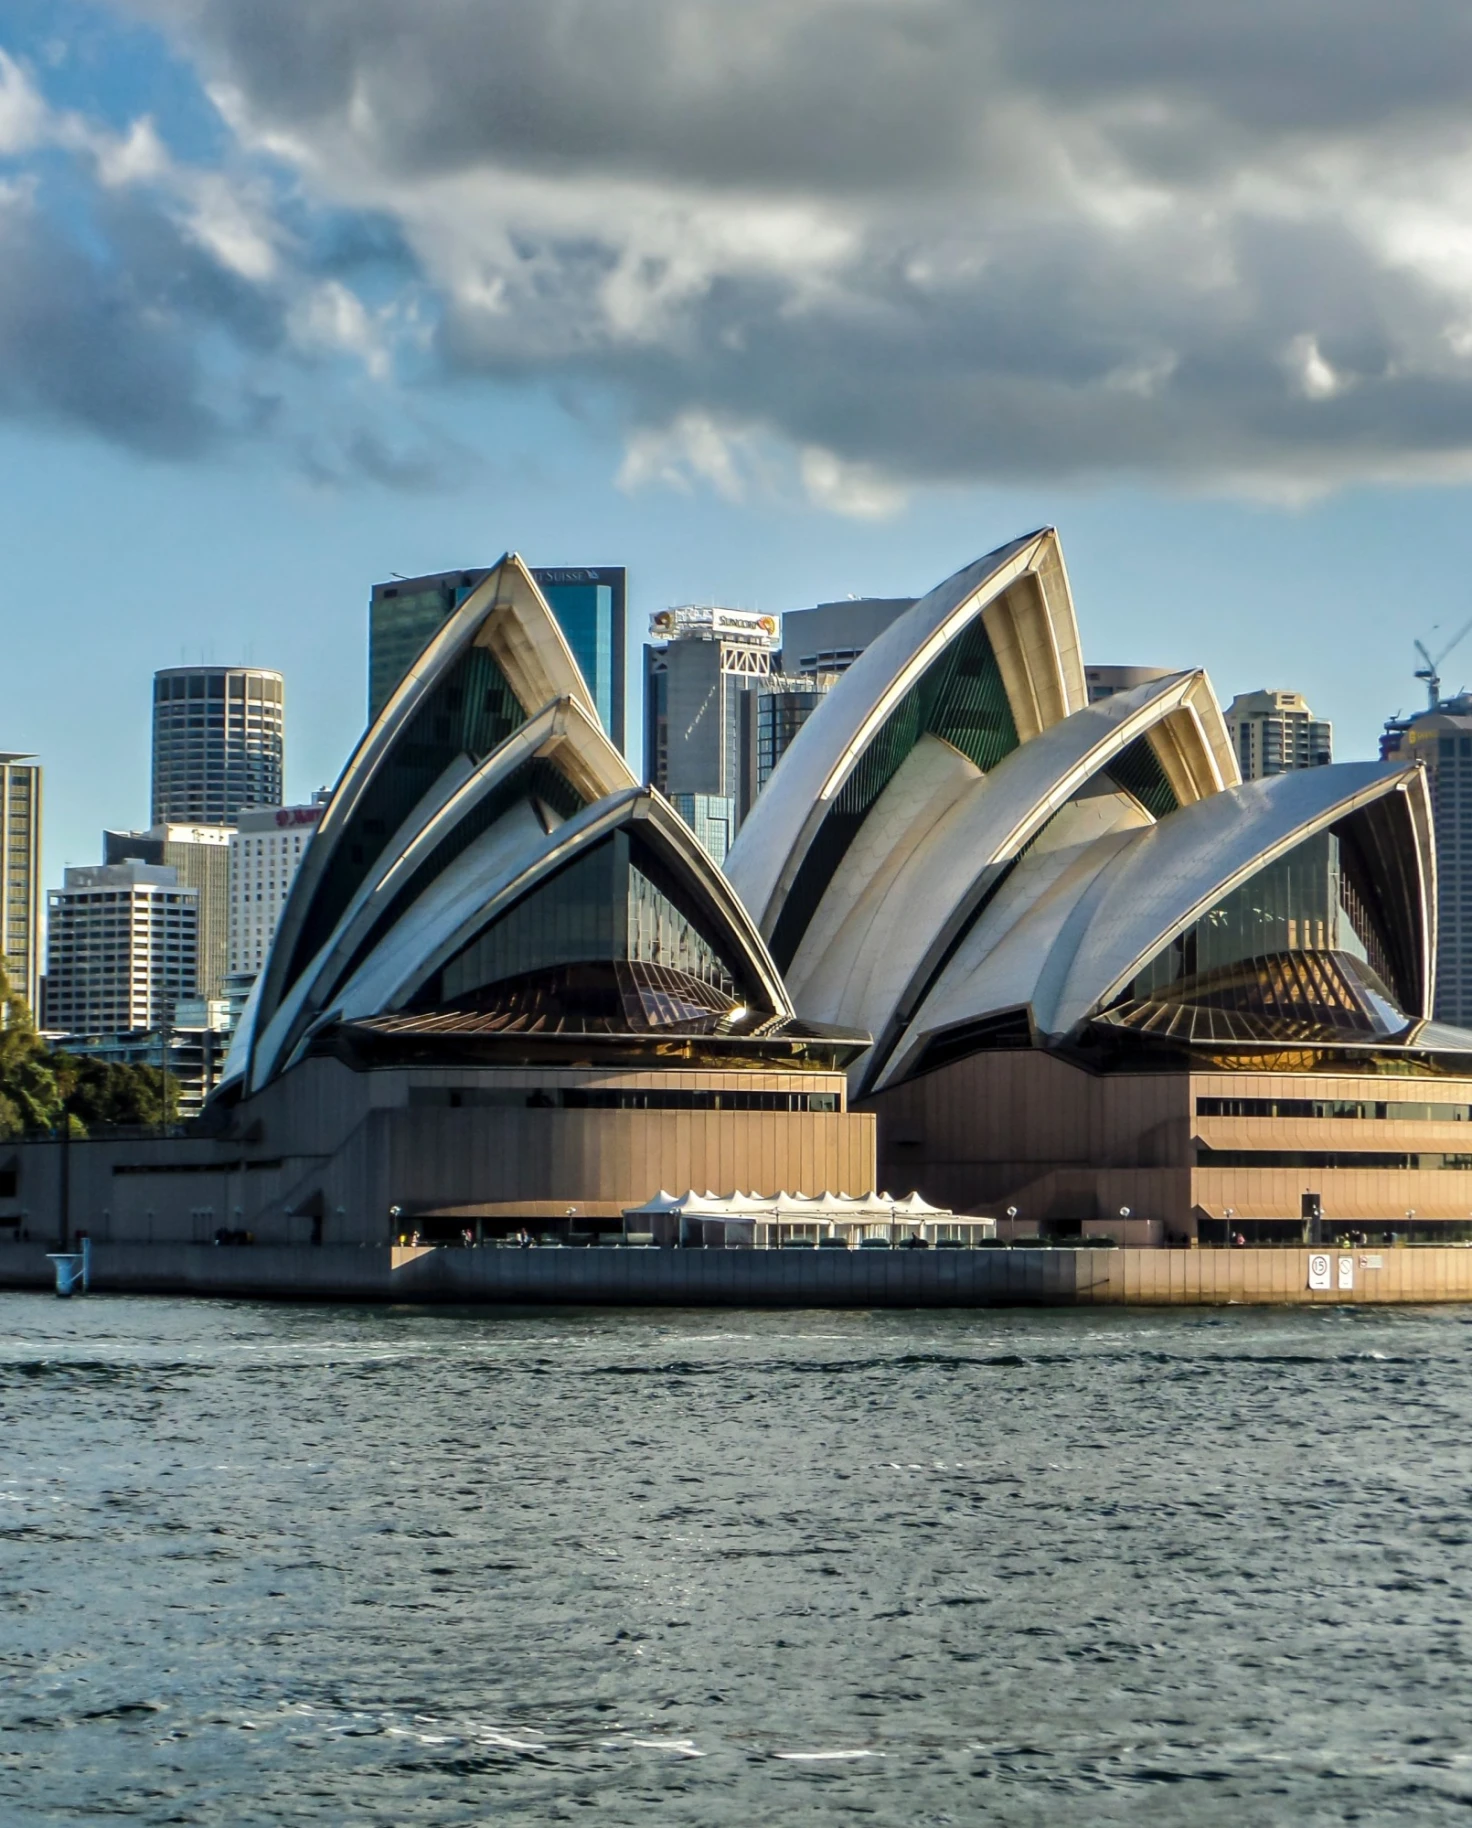 A view of the Sydney opera house from across the water.
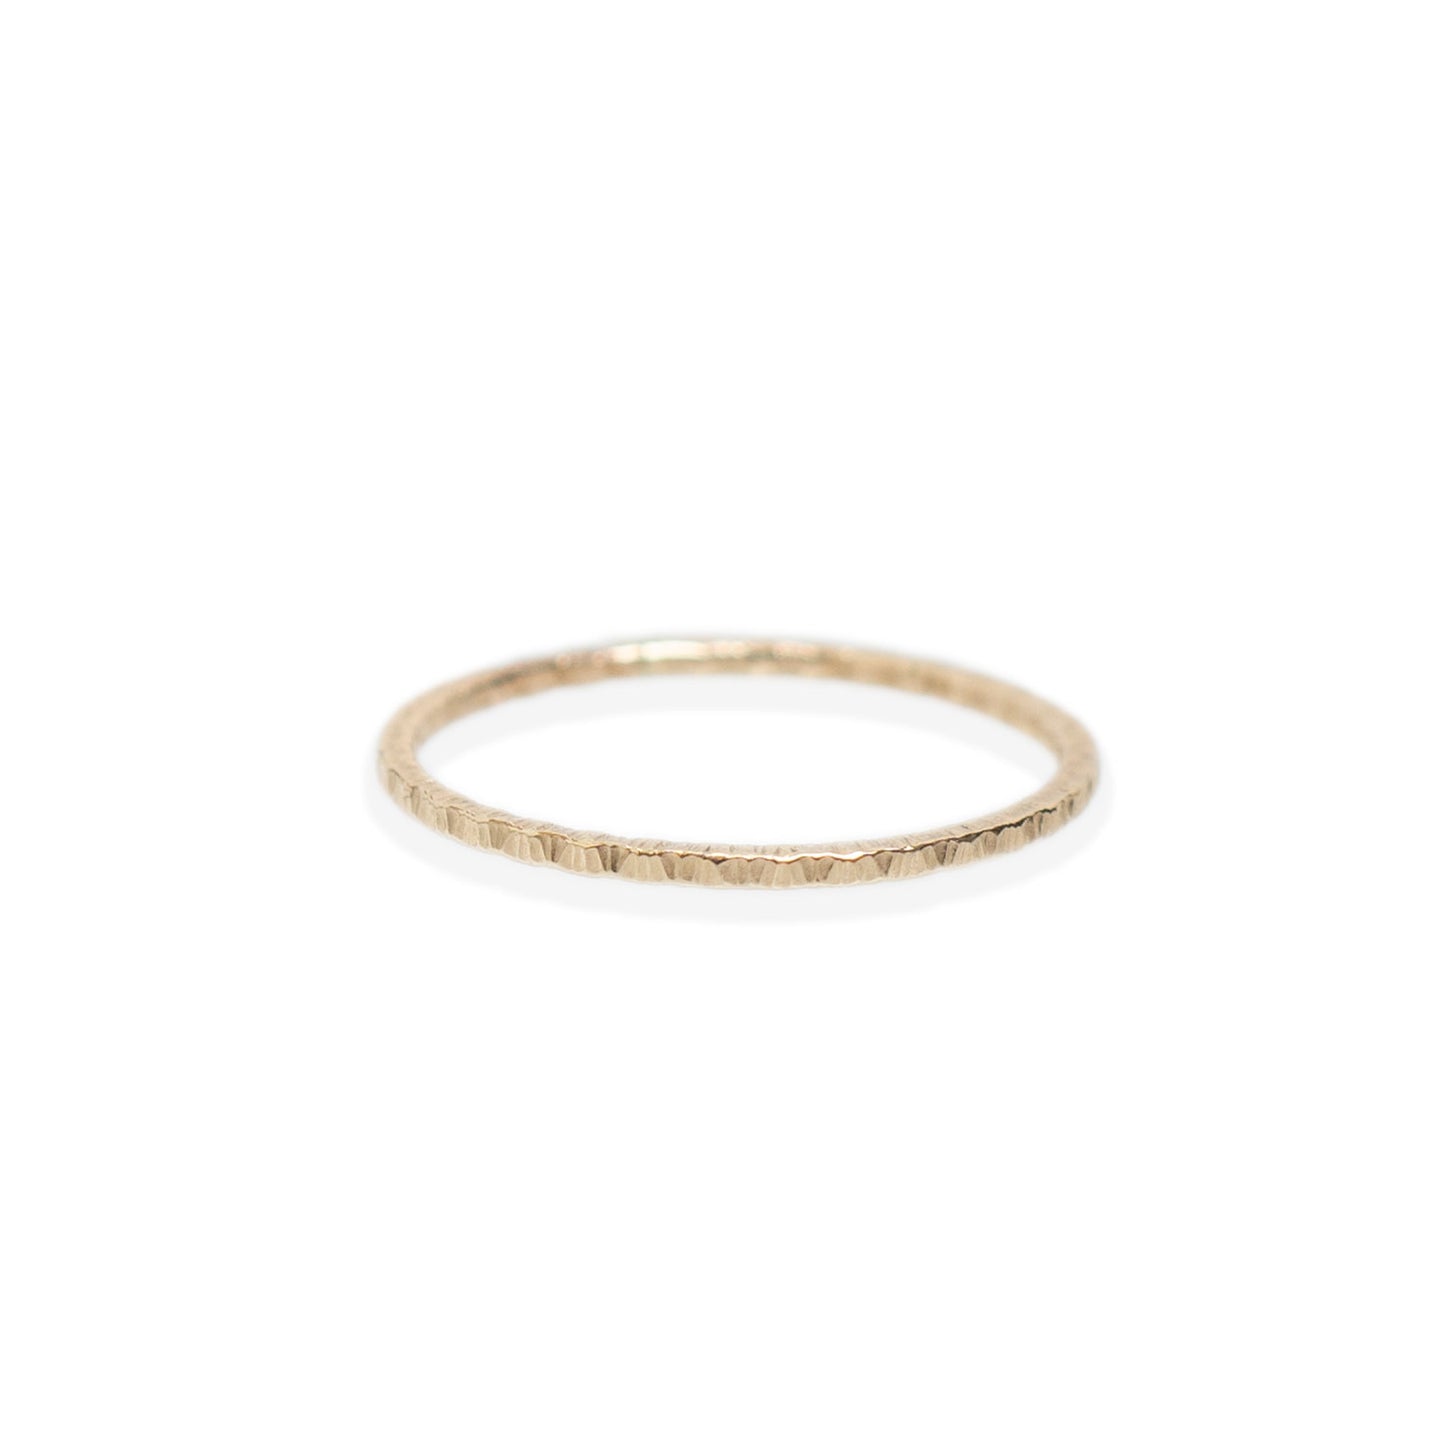 Textured Oat Grain gold filled stacking ring
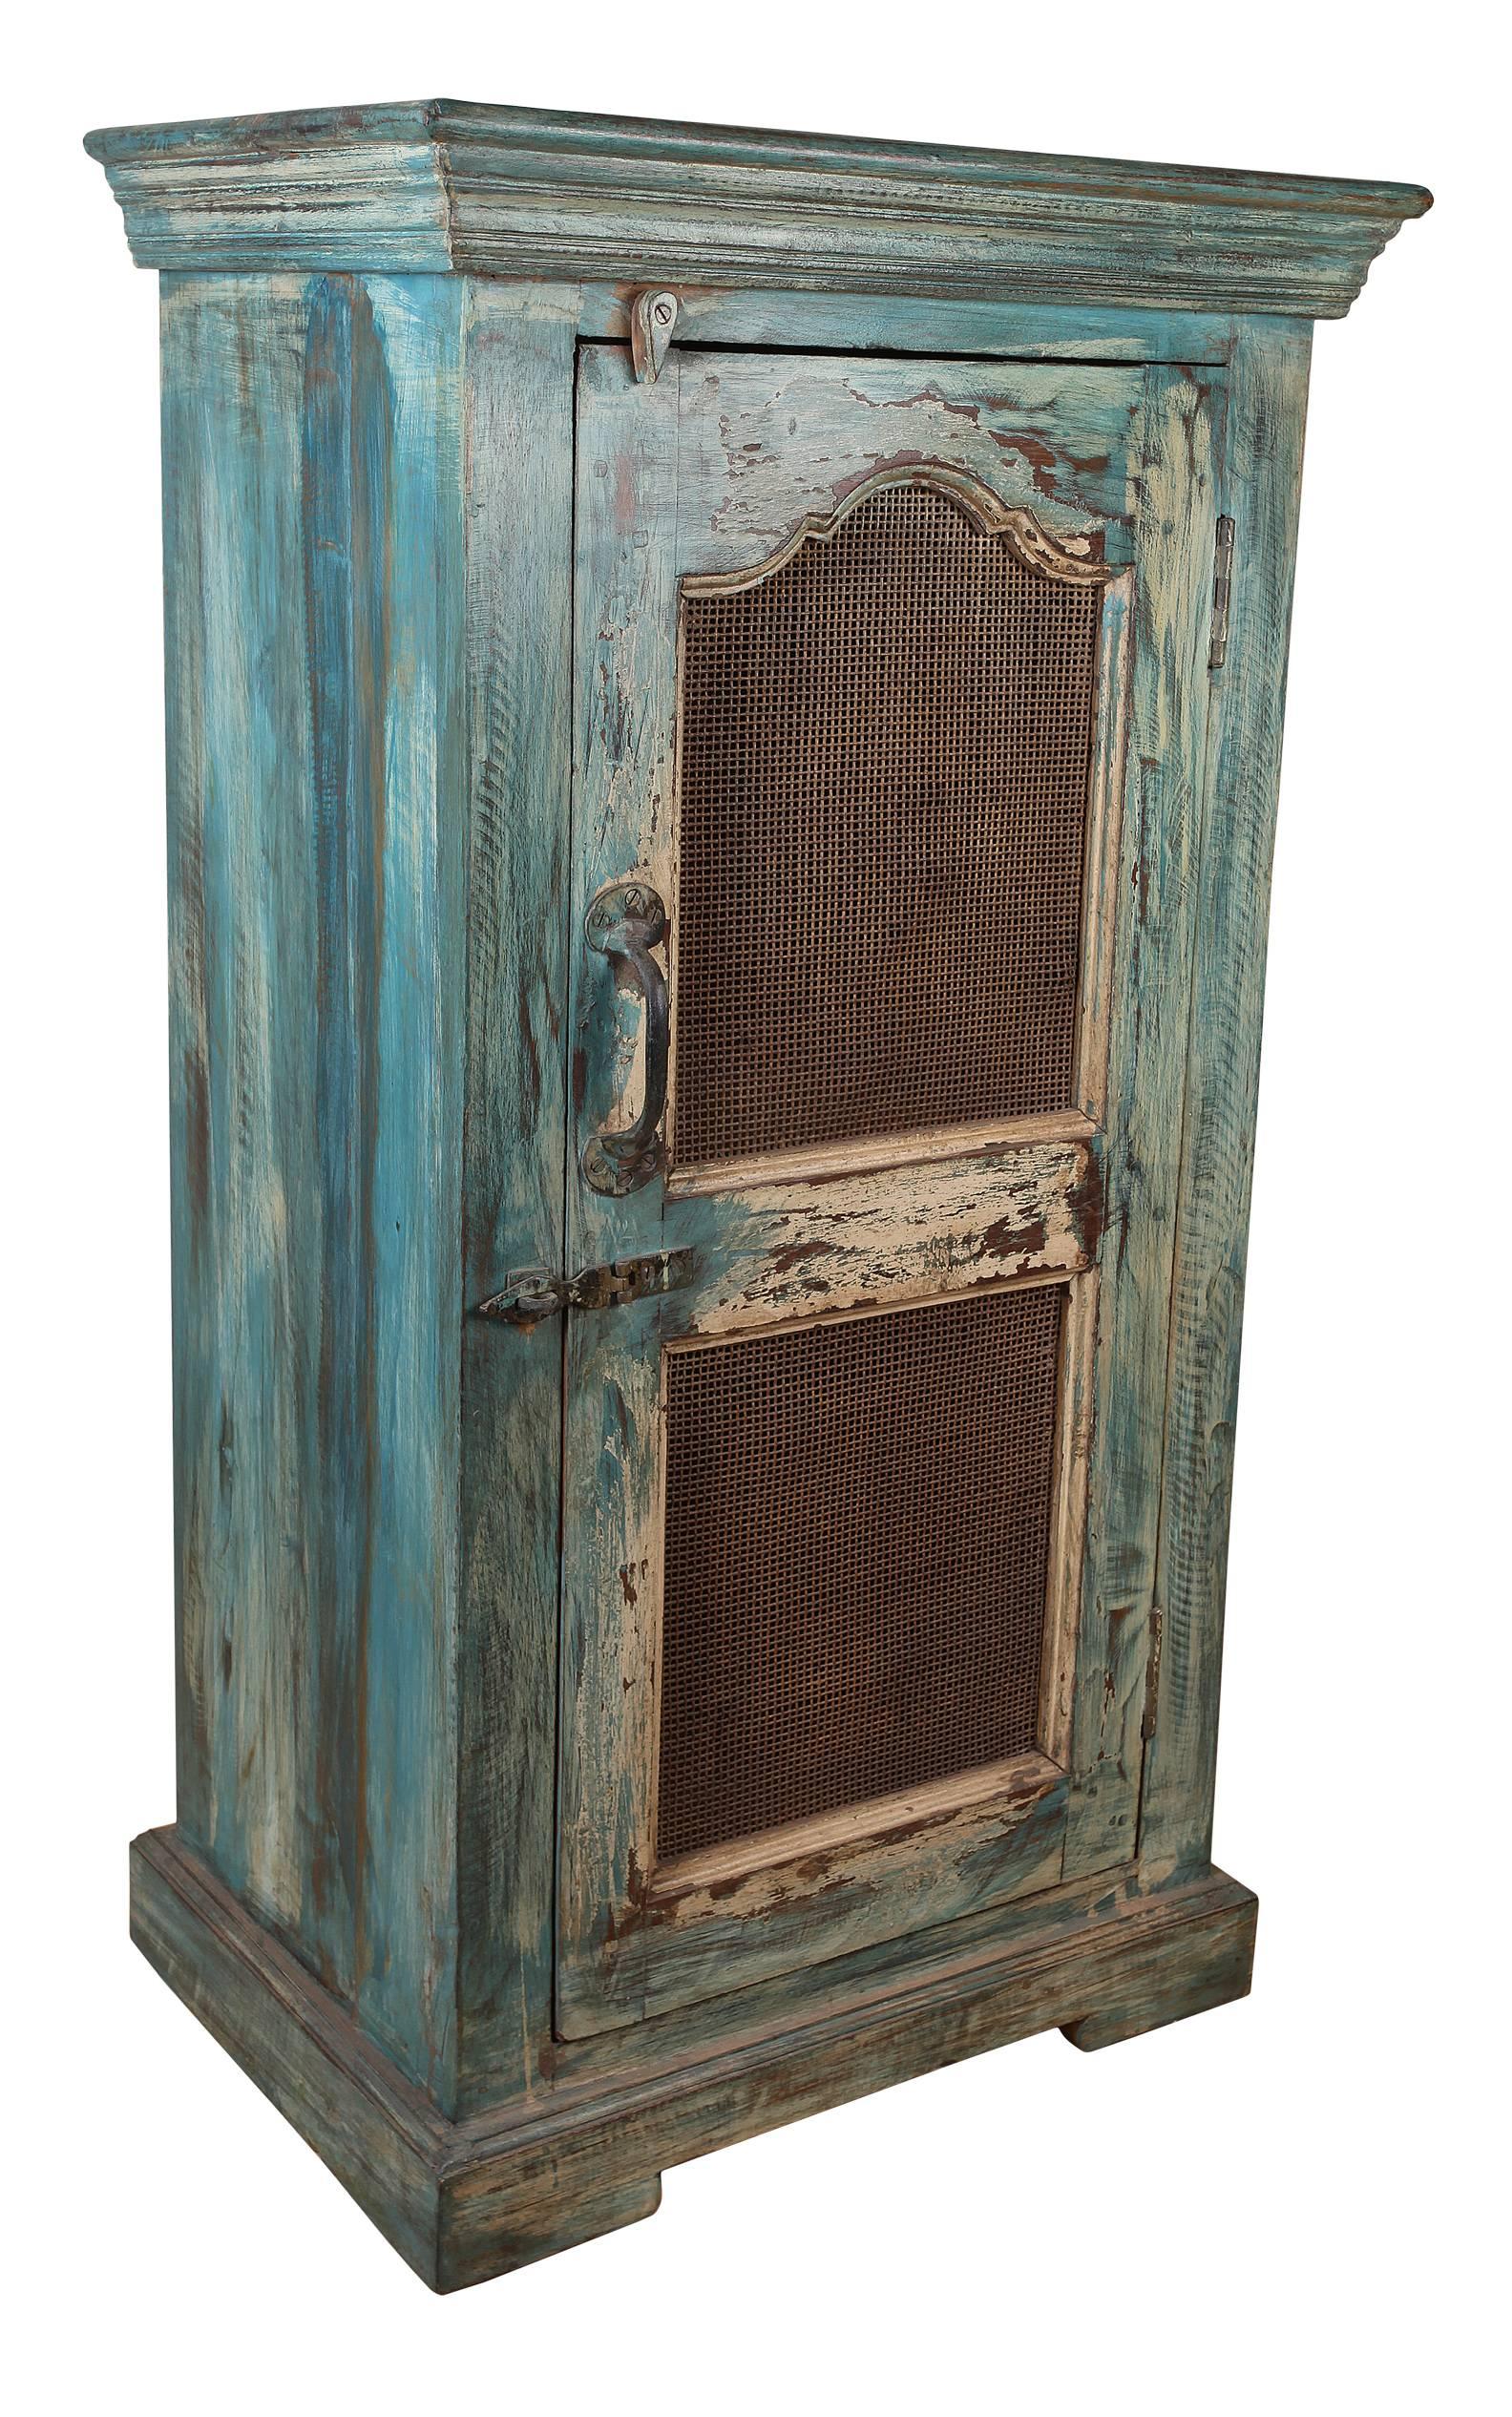 Pair of late 19th century screened window panels with original paint, converted to side cabinets using reclaimed architectural elements. Interior shelf. Great as bedsides or end tables. Left and right openings. Just the body dimensions without the
___
# TASK TO COMPLETE
No picture belongs in the copy; return the rest of the listing exactly.

# YOUR RESPONSE
 A view of the Sydney opera house from across the water.
 Textured Oat Grain gold filled stacking ring
 Pair of late 19th century screened window panels with original paint, converted to side cabinets using reclaimed architectural elements. Interior shelf. Great as bedsides or end tables. Left and right openings. Just the body dimensions without the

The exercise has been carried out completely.